I recently worked on adding support to oclHashcat in order to crack the different versions of password protected MS Office documents. So far I've finished MS Office 2013, 2010, 2007 and the 97-2003 versions (there are different ones). The next version of oclHashcat (v1.31) will ship with support for all these versions.
While I was working on the 97-2003 version I found out that there's a weakness in the scheme that I want to share. I'm not sure if this technique is already known, but I've never seen a cracker that does what is neccessary to exploit it. OTH, I don't know all of them. Also, as far as I understood it, this attack is different to the flaw discovered back in 2005, when Office is using the same keystream to encrypt two different versions / revisions of the same document, but don't nail me on that!
The following explanations describe the vulnerability to a meet-in-the-middle attack. If you don't know what I mean with meet-in-the-middle attack, see here: https://hashcat.net/events/p13/js-ocohaaaa.pdf
With a single hd7970 I'm able to collide every password protected MS Office 97-2003 documented using MD5/RC4 in less than 6 hours! And yes, you can open the document "normally" with a collided password. In order to explain it you first need to understand the KDF MS office uses.
KDF
OK, what is this encryptedVerifier and encryptedVerifierHash? From oclHashcat's view it's just two blocks of random data of length 16 bytes. Why is MS office doing this? The answer is it enables a key validation. The idea is the following: generate 16 bytes of random data, then run it through MD5. Then store both, the original random data and the MD5 result after both were encrypted with RC4. Now, if one has the correct RC4 Key, he can decrypt back to the original random data and MD5 it. If the result matches the decryptedVerifierHash data we know we use the correct RC4 Key. Office will work the same way.

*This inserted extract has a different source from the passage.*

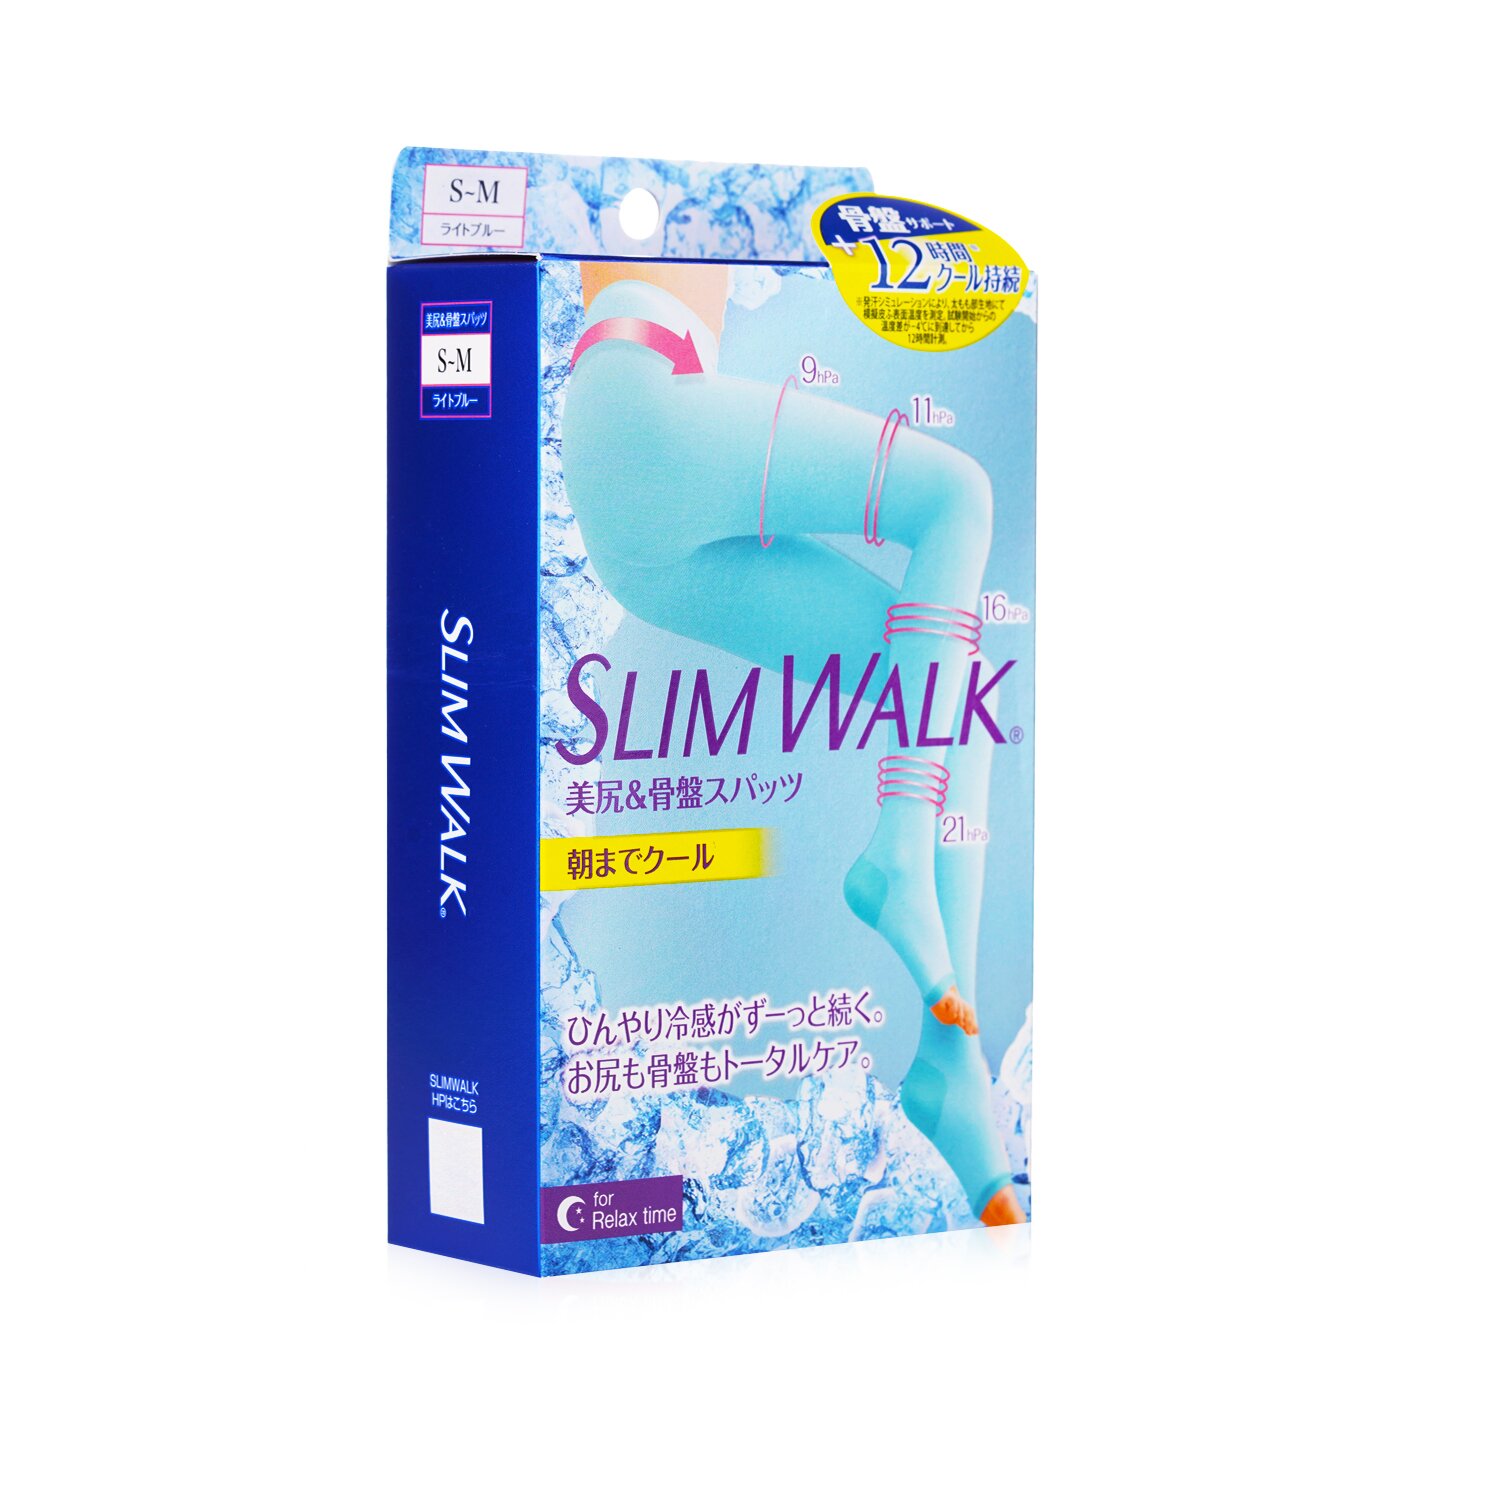 SlimWalk Cooling Compression Sleep Pantyhose 1pair

MS original description: http://msdn.microsoft.com/en-us/library/...12%29.aspx
Problem
The problem here is the truncation of the MD5 digest in step 6. OK, the key for the RC4 is 128 bit, but it is calculated out of a MD5 which uses just a 40 bit input (because the last 32 bit are just zeros).
Exploitation
The idea is to iterate through those 2^40 combinations, beginning from step 8. Once we find the correct RC4 Key, which is the case when step 13 is true, we do not need to do those steps ever again. From now on, in oclHashcat, we will just calculate steps 1-5 and then compare the first 5 byte with our pre-cracked intermediate hash. That's the meet-in-the-middle attack.
To make it more comfortable, this technique requires two seperate oclHashcat modes. The first to brute-force the intermediate hash and once you cracked it just store it. Then you can use oclHashcat "normally" with the second mode. This mode works with the previosly cracked key and therefore only needs to calculates steps 1-5. Note that in this second mode you are not stick to Brute-Force, you can use any attack-mode you want. Actually you will not need to do that unless you try to find the real password that was used (forensic stuff). Just continue reading...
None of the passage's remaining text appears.